▶ **AIM OF THE TASK**
Reproduce exactly the first line of the material below and every line after it, ending with the line that contains "green, pink, blue, yellow, and". No pictures should be copied.

▶ **INPUT DATA**
★ ★ ★ ★ ★

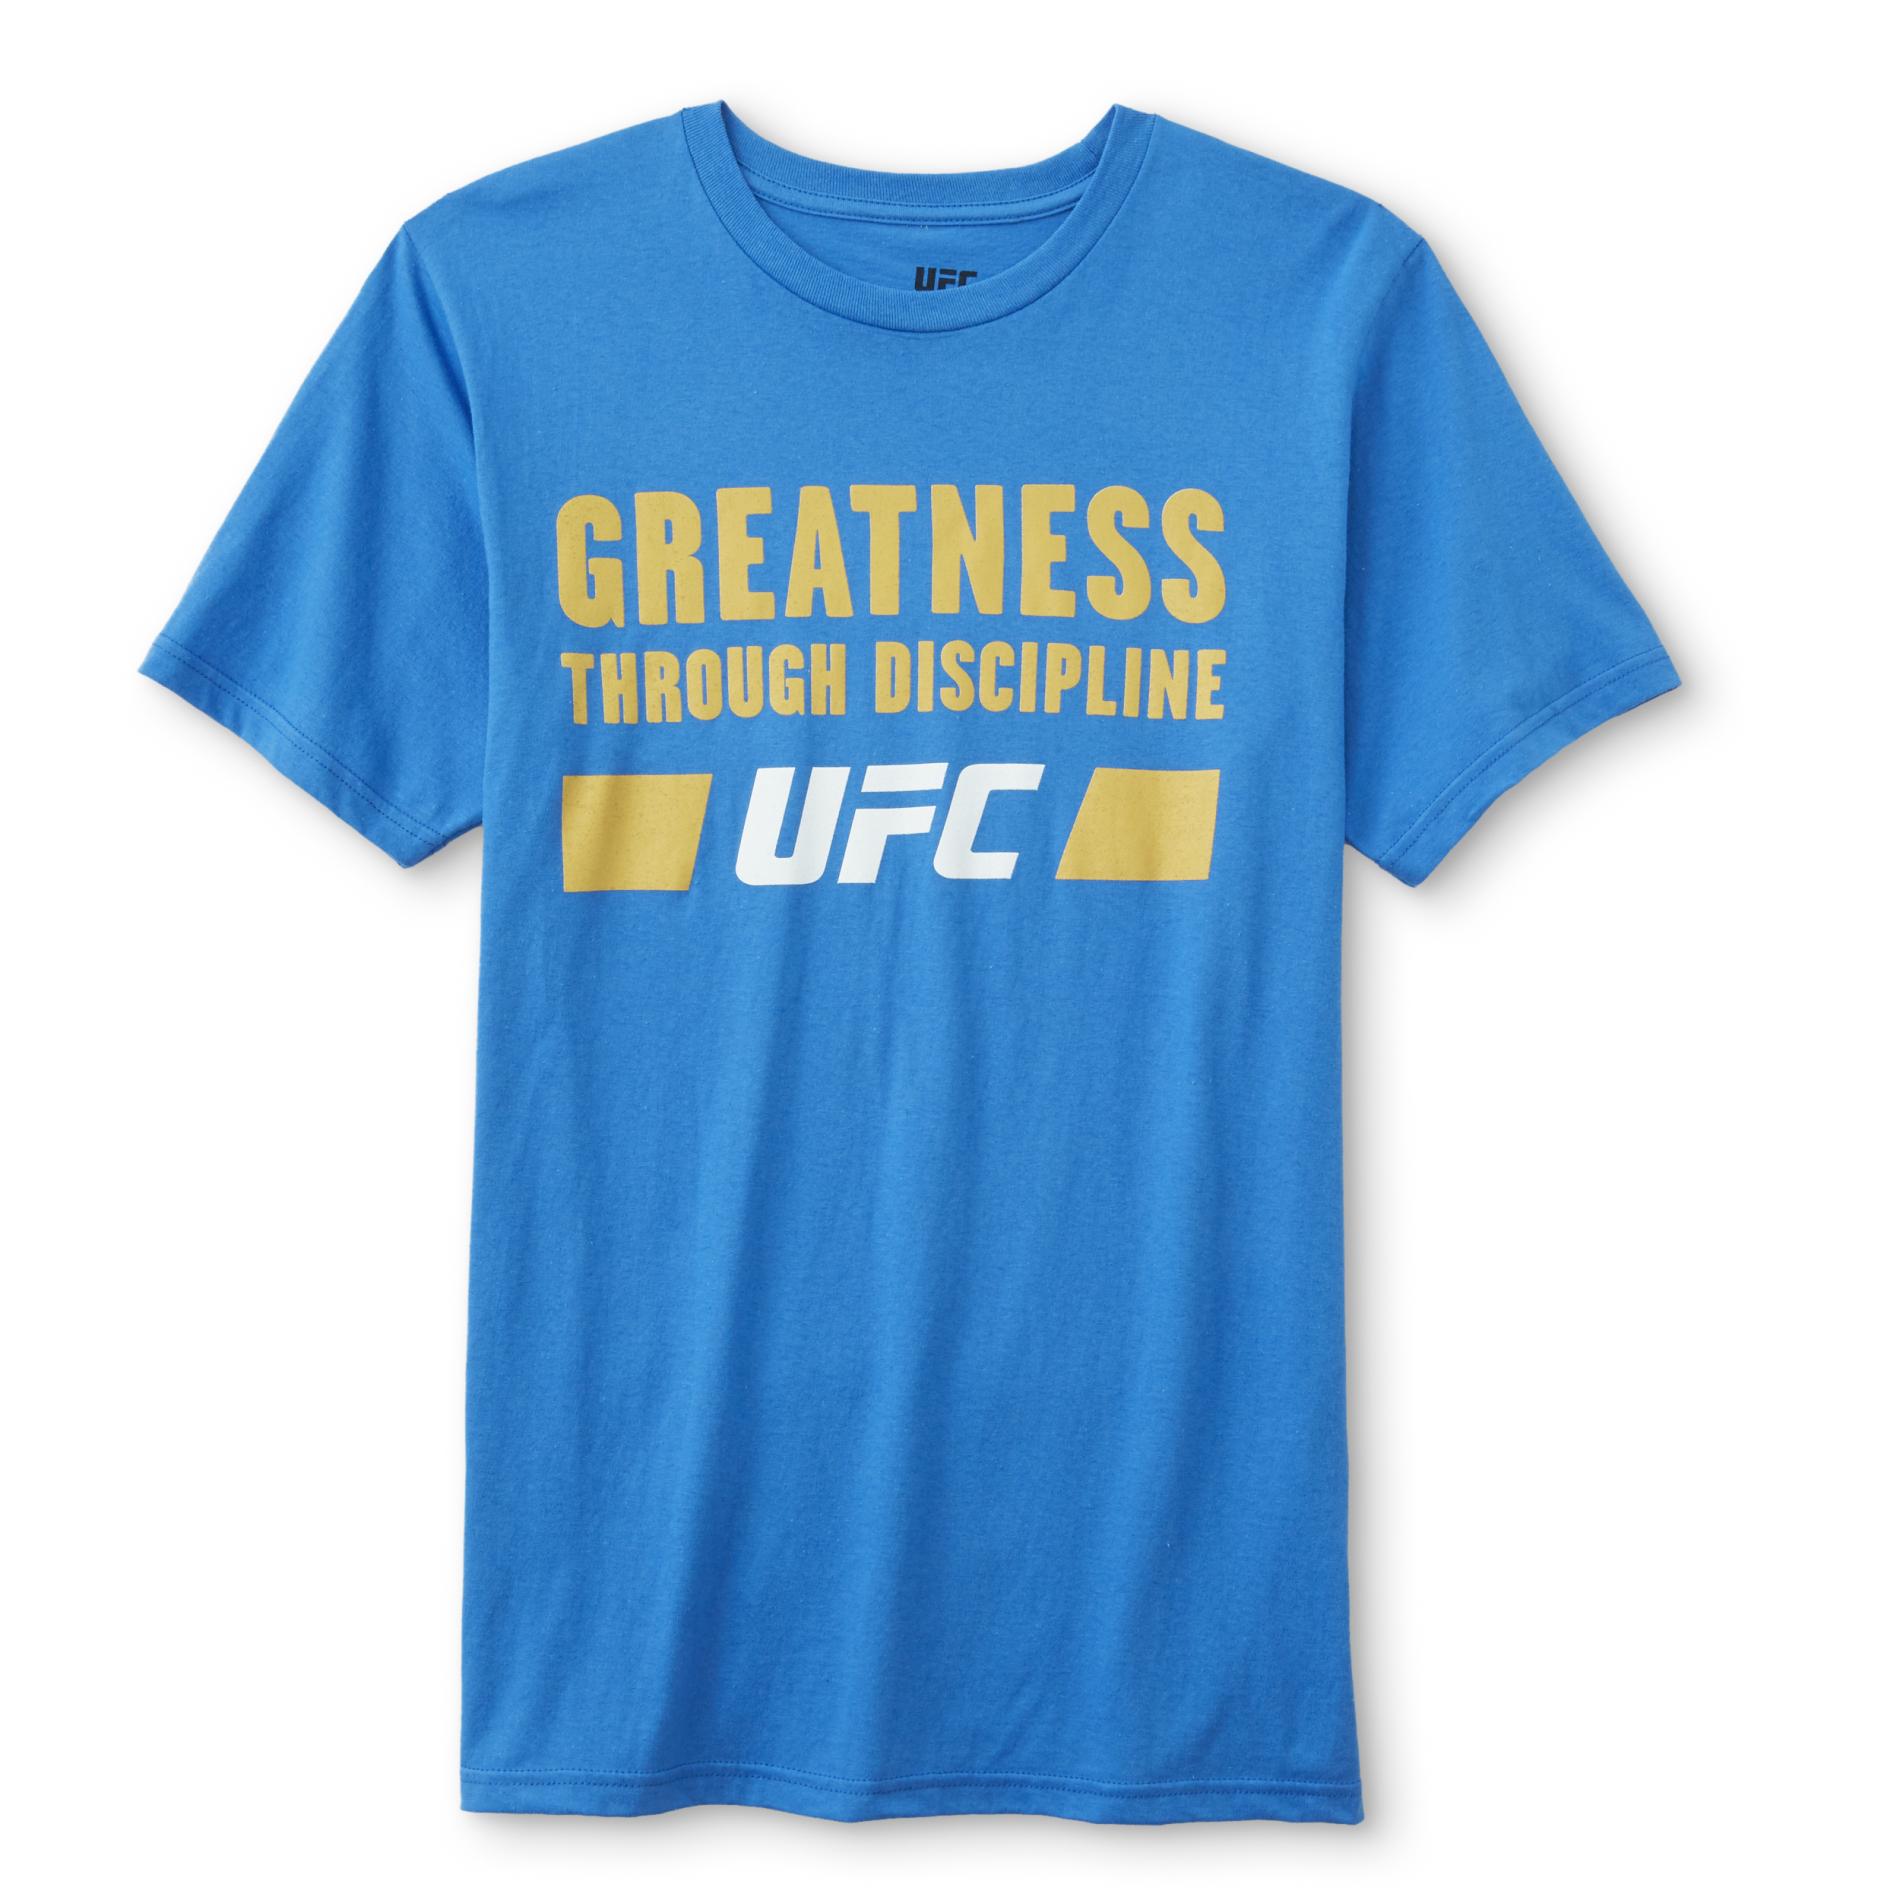 UFC Men's Graphic T-Shirt - Greatness Through Discipline
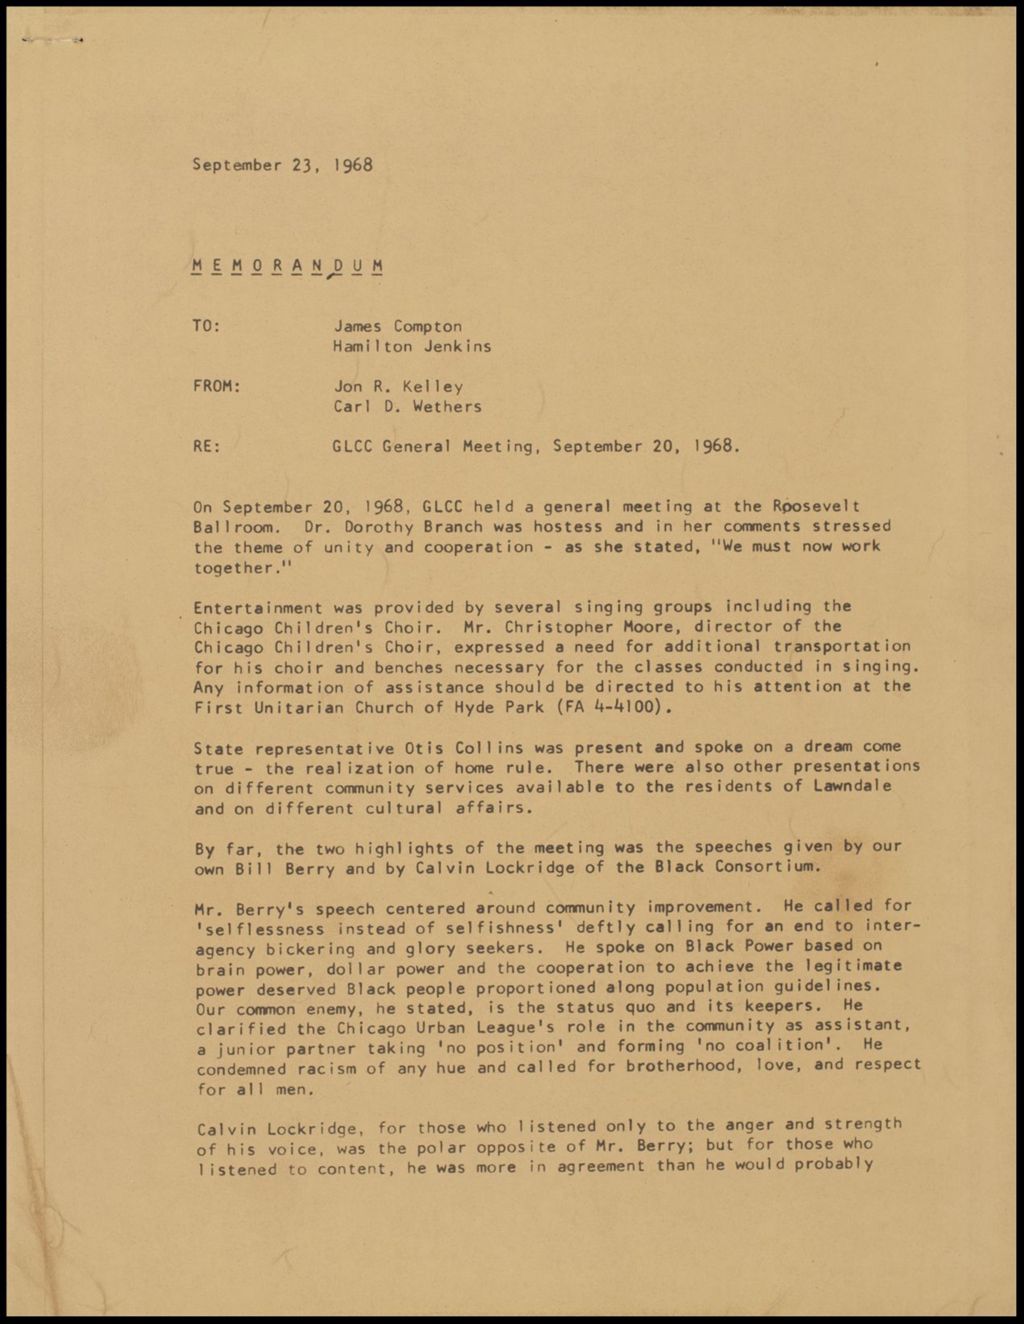 Miniature of GLCC general meeting, 1968 (Folder I-2978)
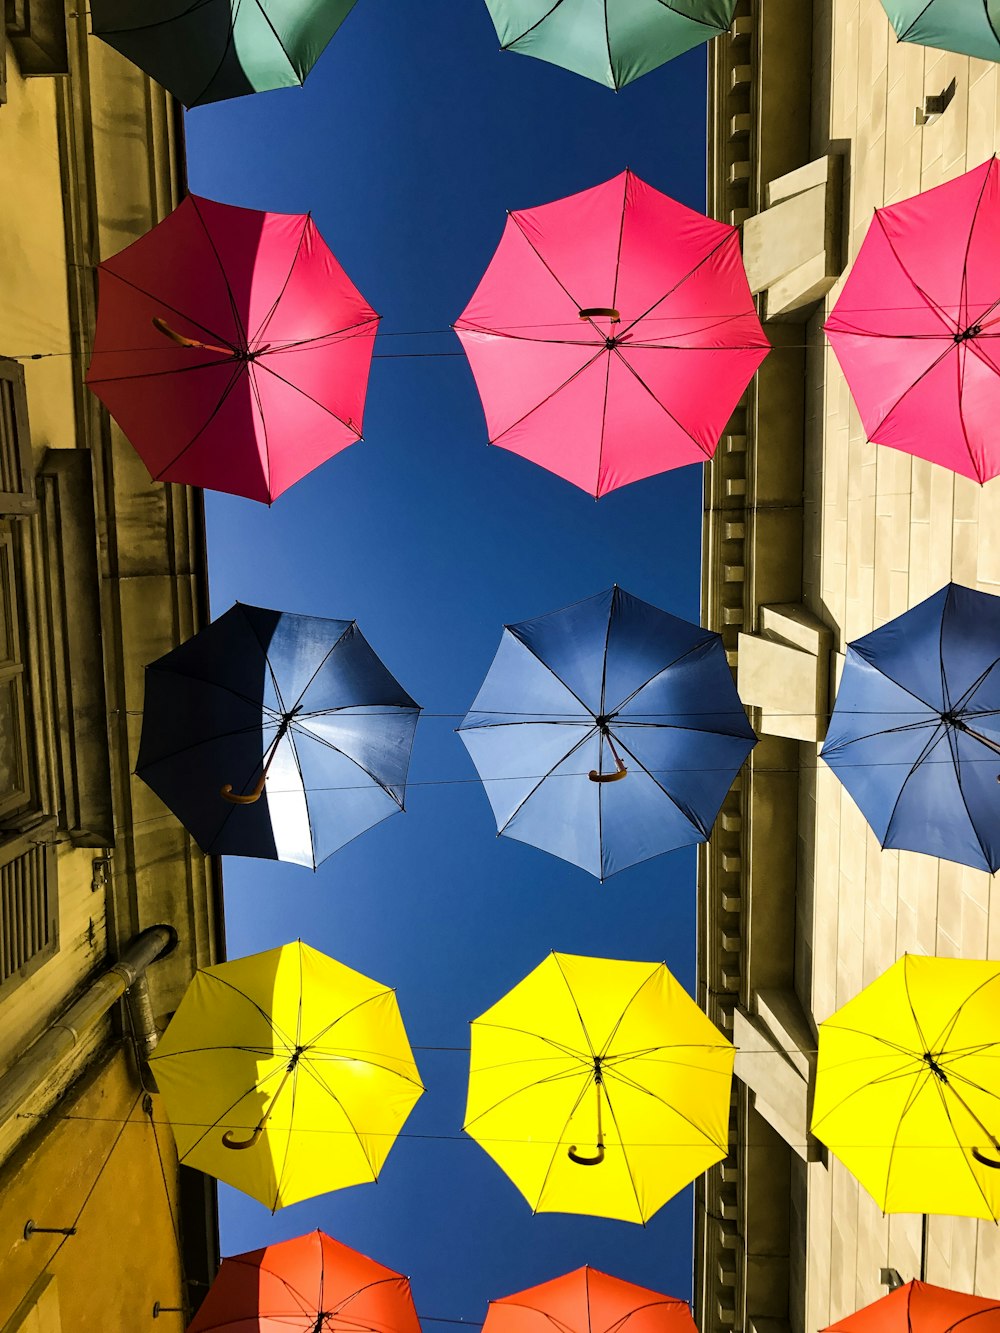 green, pink, blue, yellow, and orange umbrellas hanging in between buildings
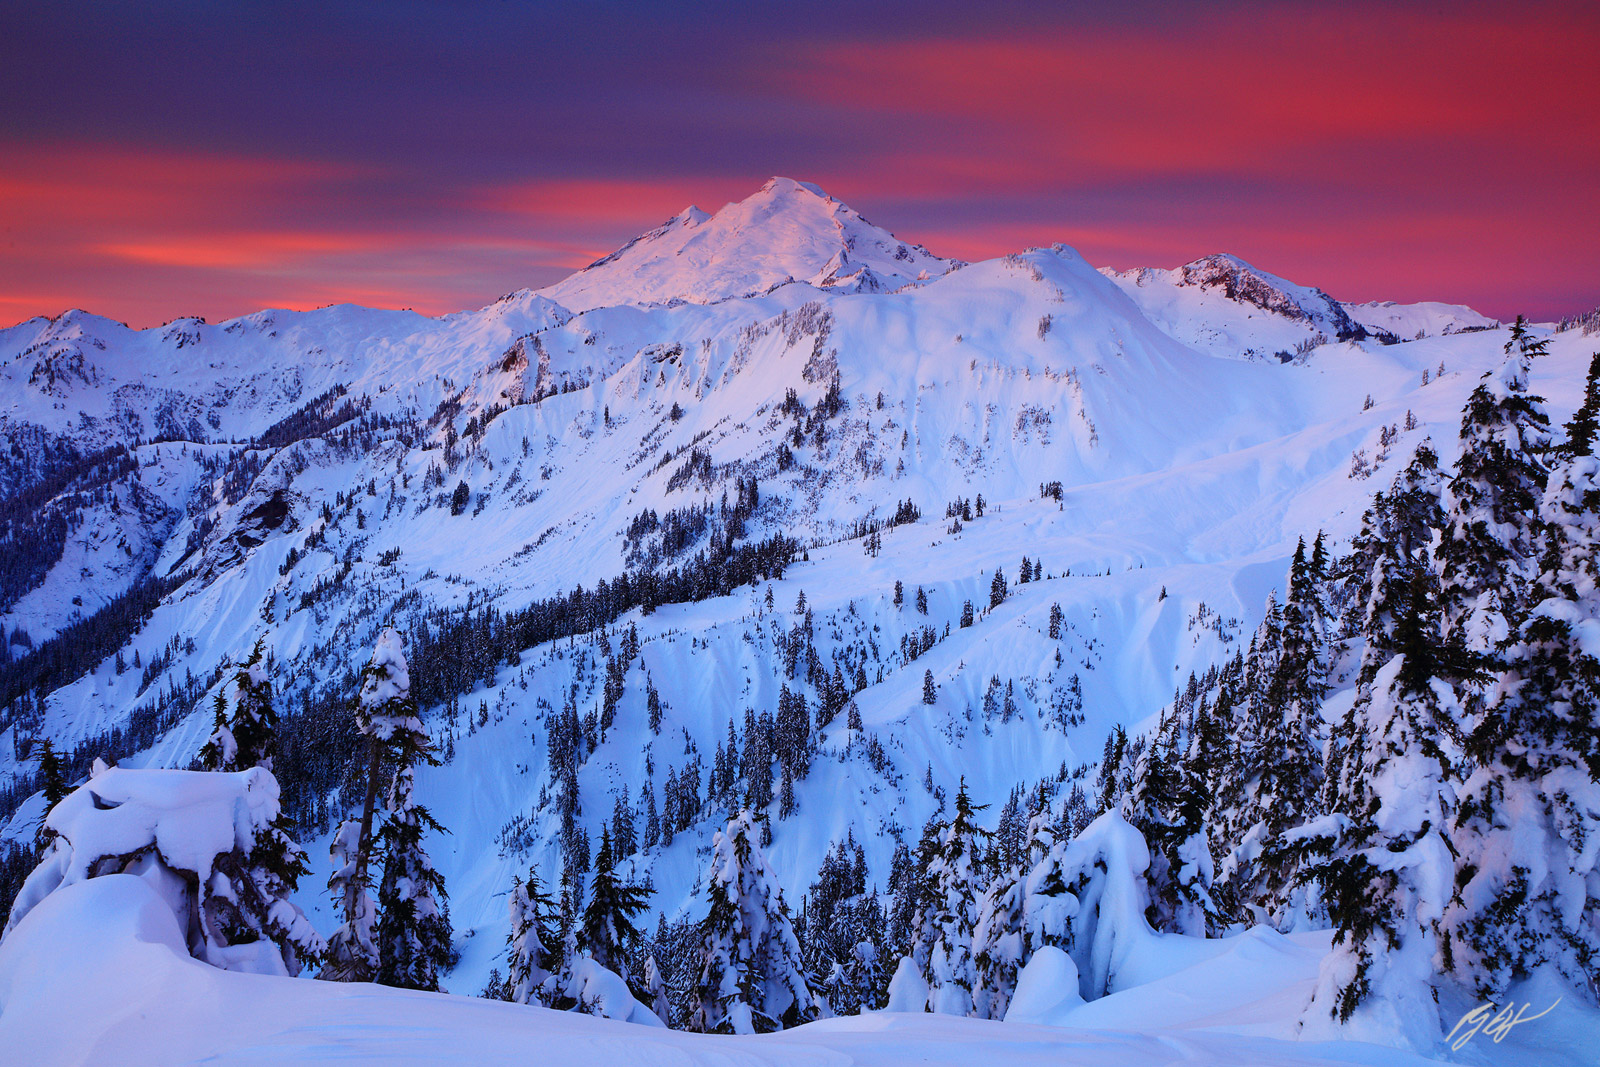 Winter Sunrise on Mt Baker from Artist Ridge in the Mt Baker National Recreation Area in Washington

★ ★ ★ ★ ★

▶ **RESULT FOR THIS TASK**
 UFC Men's Graphic T-Shirt - Greatness Through Discipline
 Miniature of GLCC general meeting, 1968 (Folder I-2978)
 green, pink, blue, yellow, and orange umbrellas hanging in between buildings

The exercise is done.